PROBLEM DESCRIPTION:
Would you please transcribe the listing exactly, with no images?

COLLECTED DATA:

--------

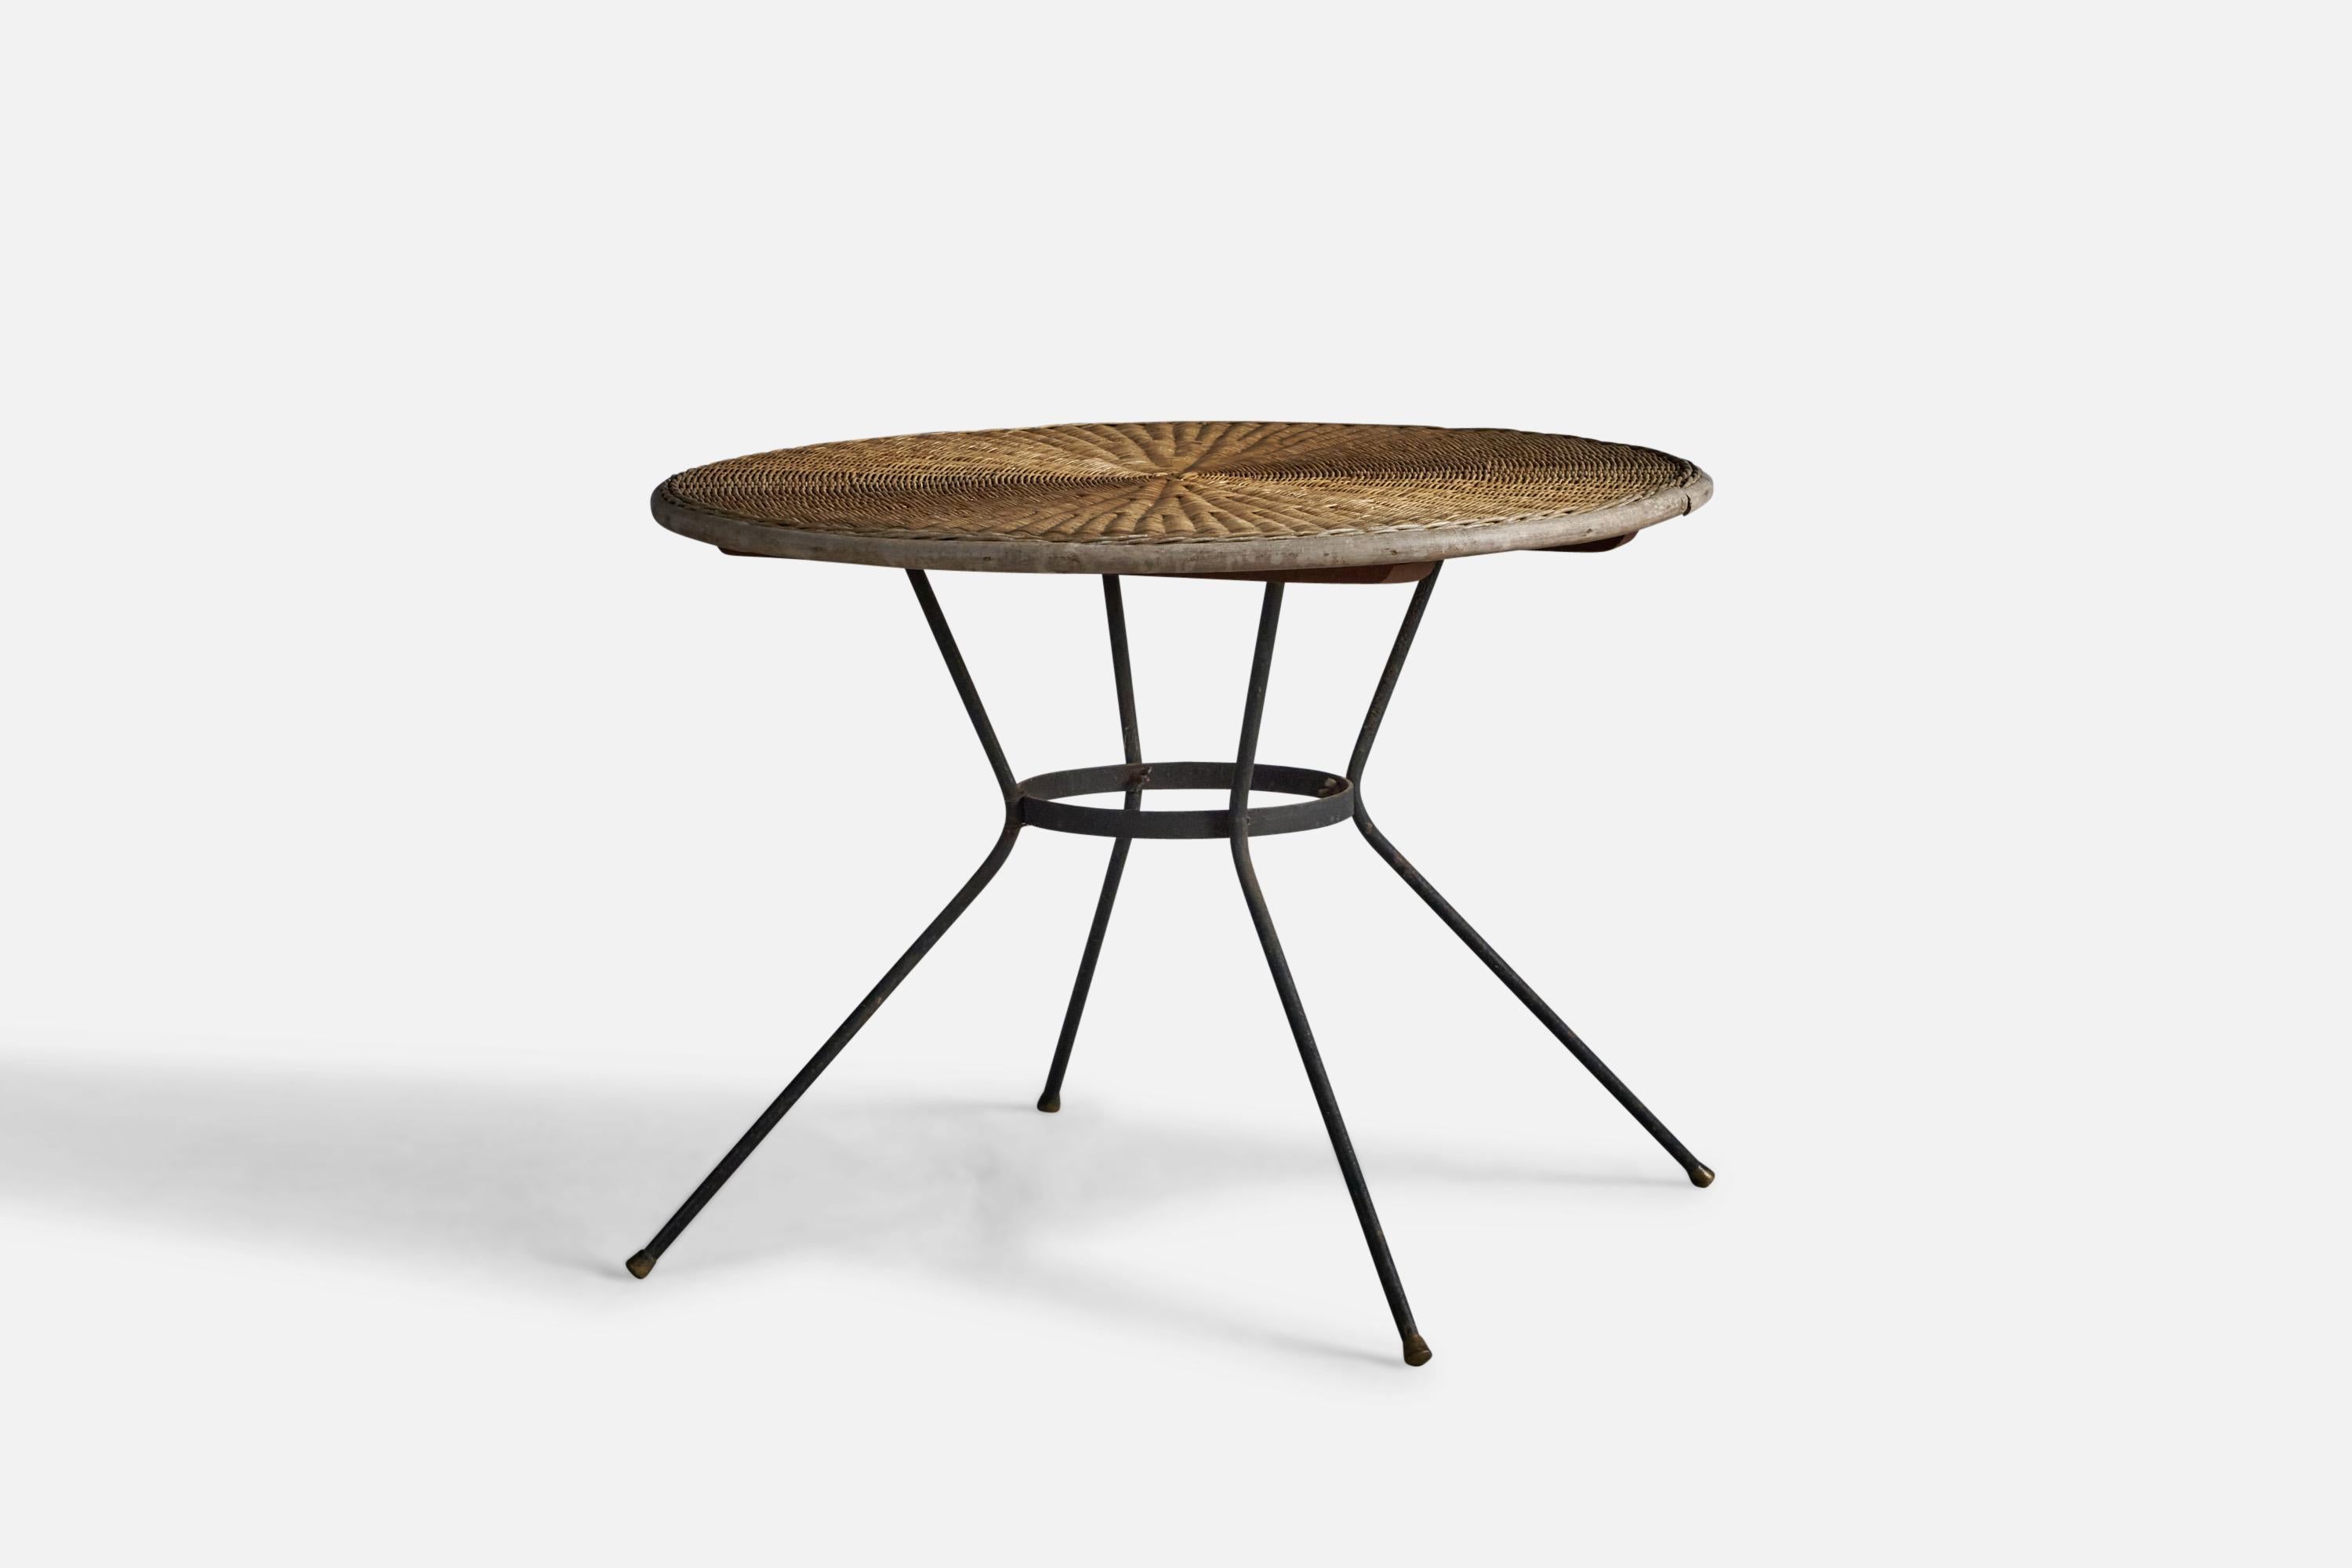 A small round rattan and lacquered metal table or dining table, designed and produced in the US, c. 1950s.
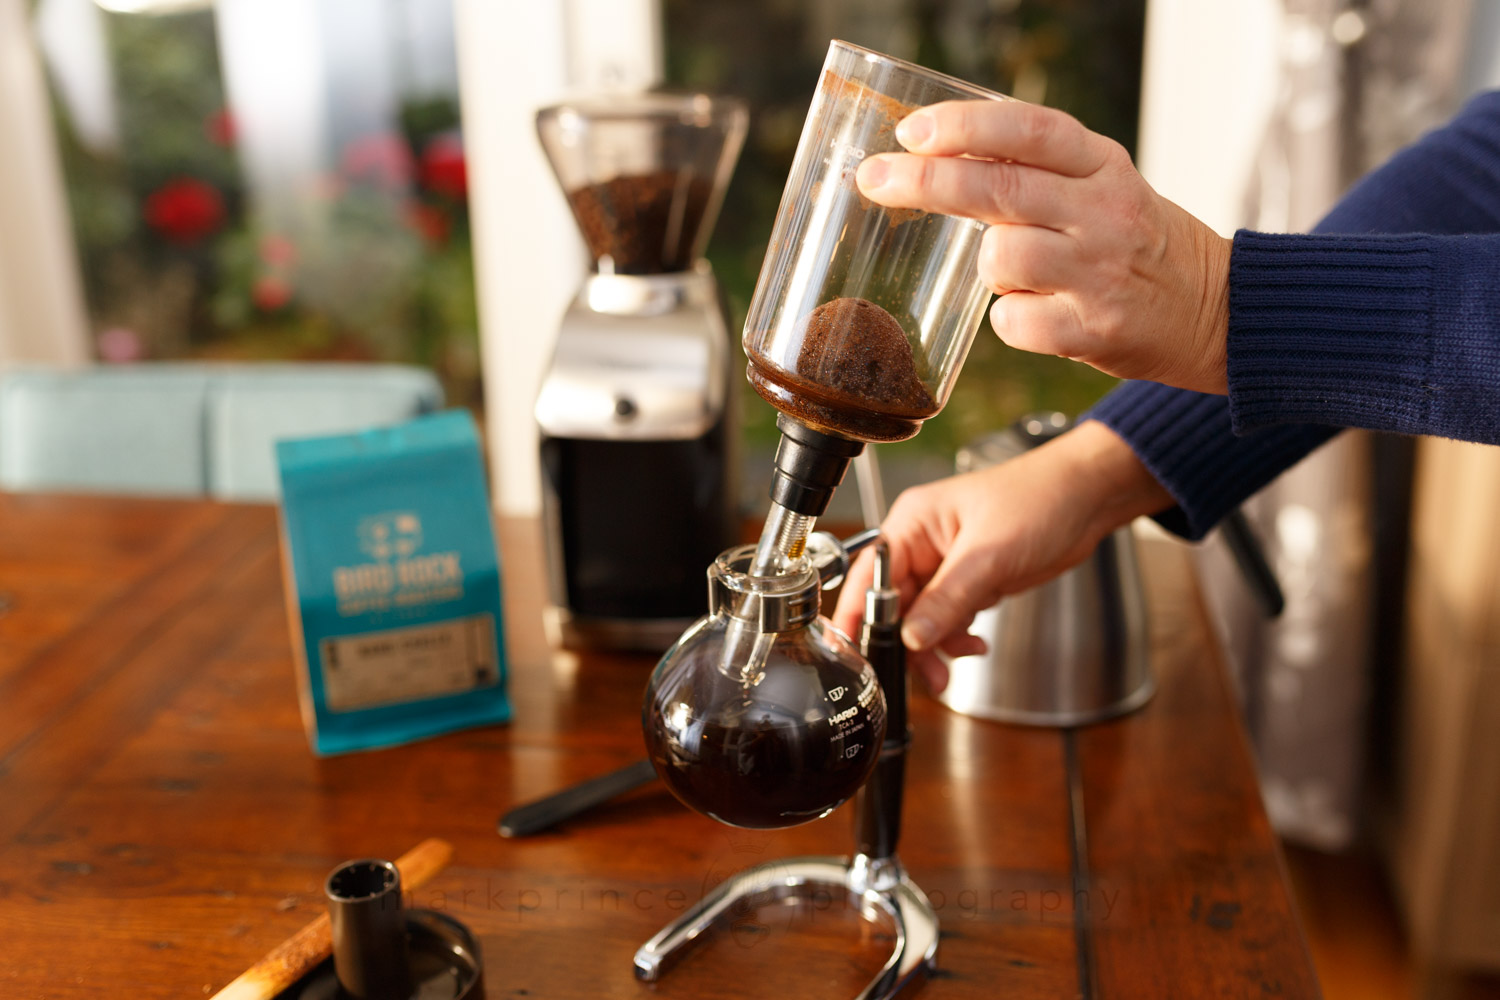 How To Brew Coffee Using A Vacuum Siphon Coffee Maker: Recipe Included -  Baked, Brewed, Beautiful
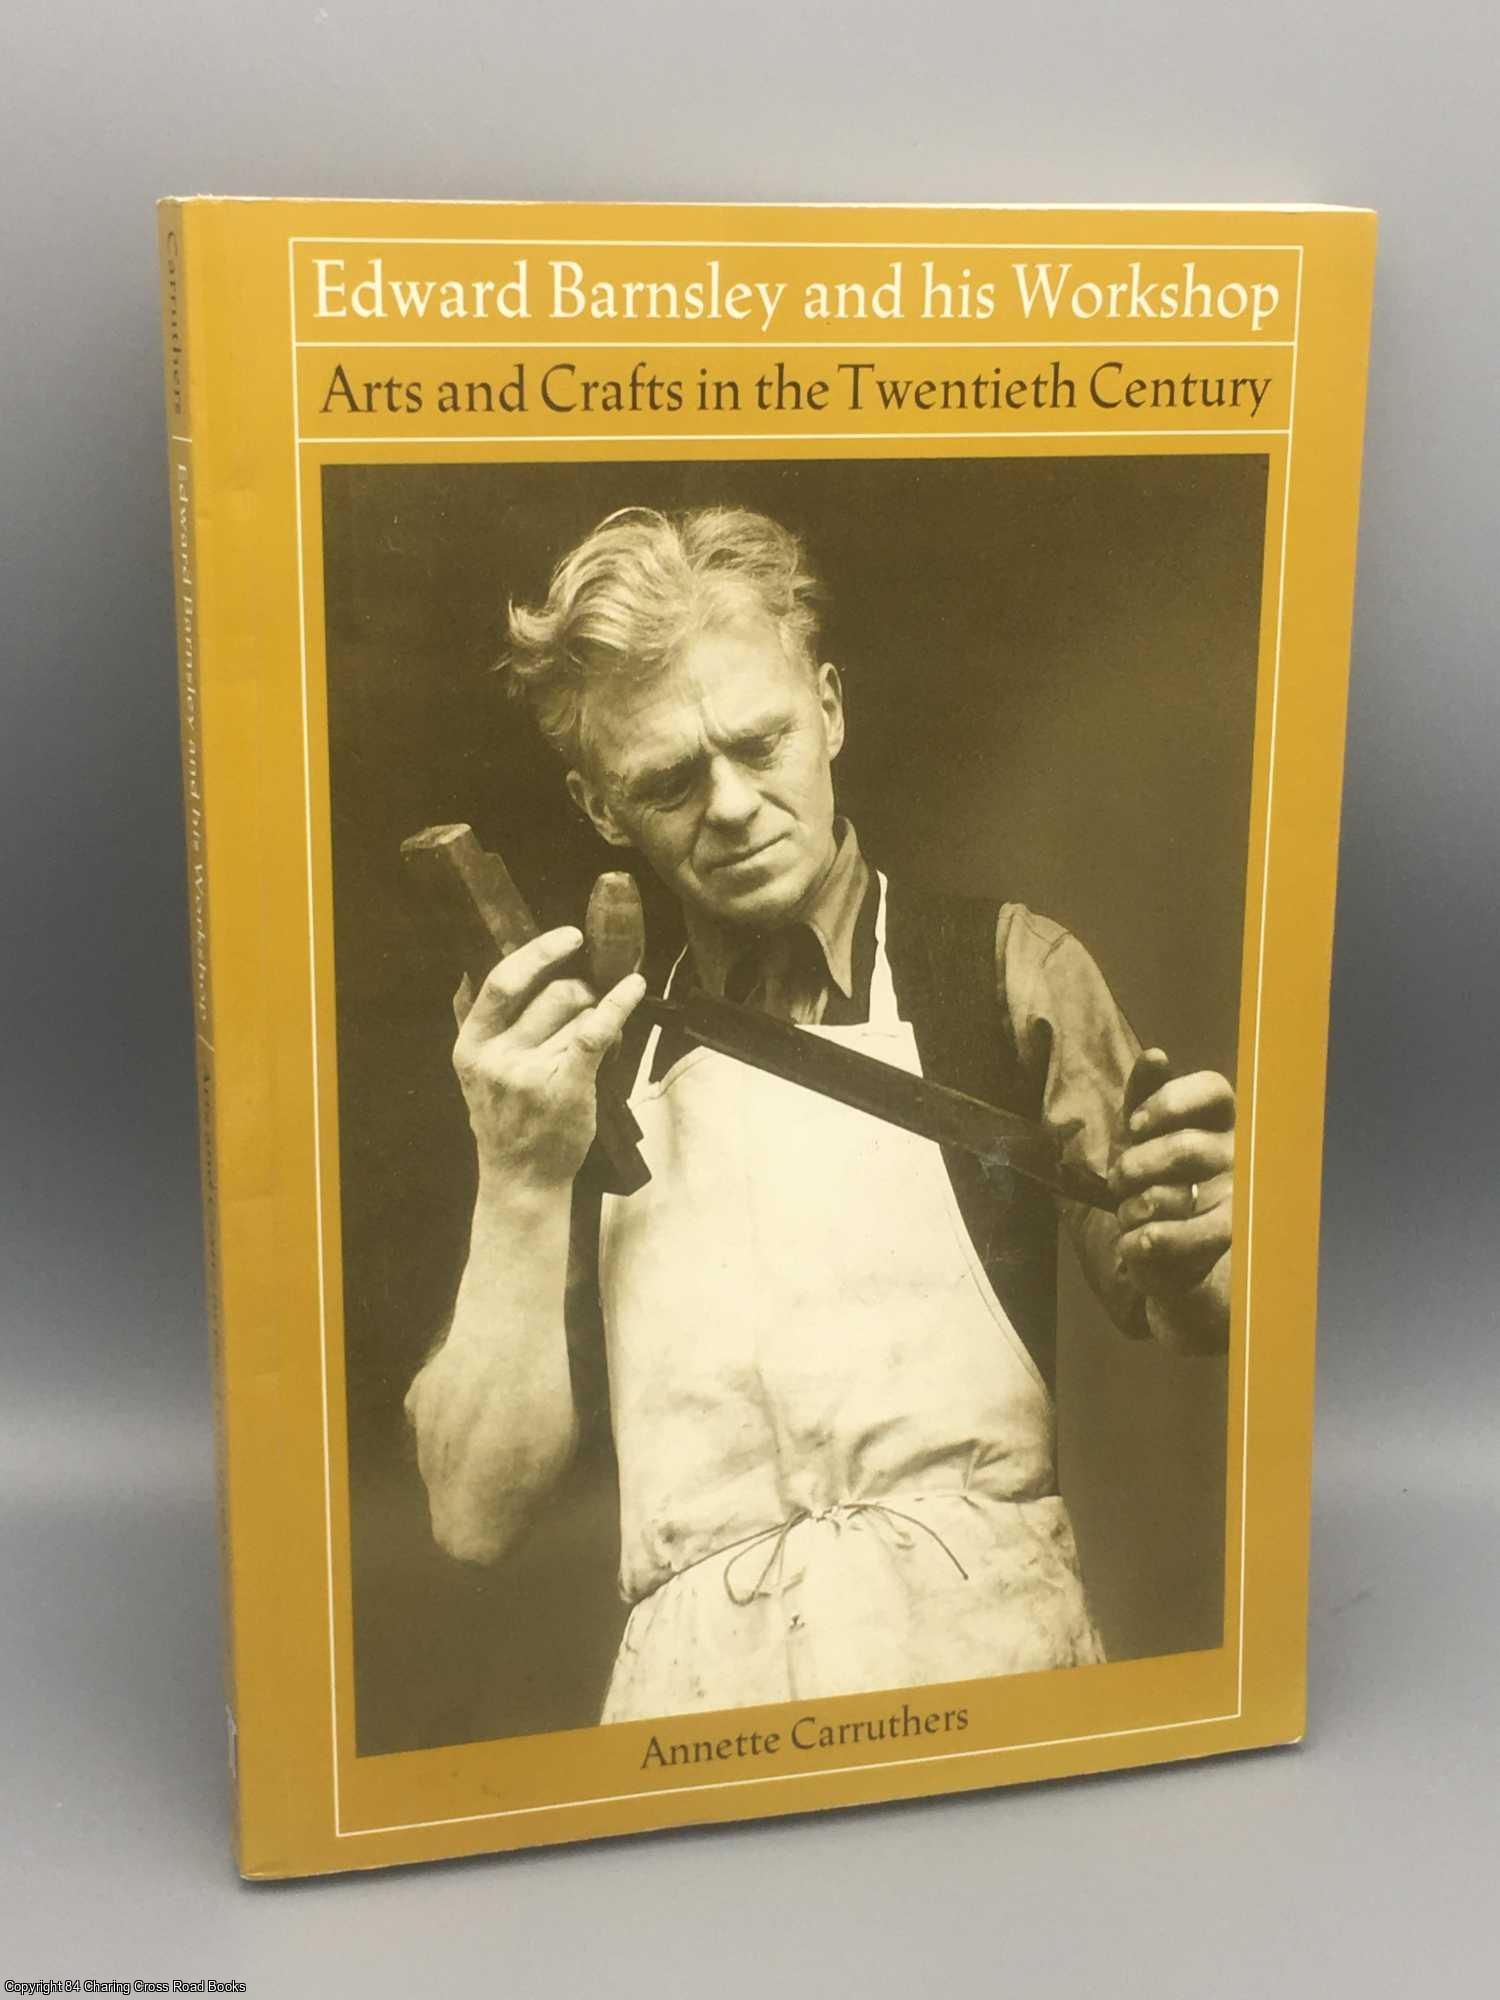 Carruthers, Annette - Edward Barnsley and his Workshop: arts and crafts in the twentieth century

--------

TASK SOLUTION:
 A small round rattan and lacquered metal table or dining table, designed and produced in the US, c. 1950s.
 How To Brew Coffee Using A Vacuum Siphon Coffee Maker: Recipe Included -  Baked, Brewed, Beautiful
 Carruthers, Annette - Edward Barnsley and his Workshop: arts and crafts in the twentieth century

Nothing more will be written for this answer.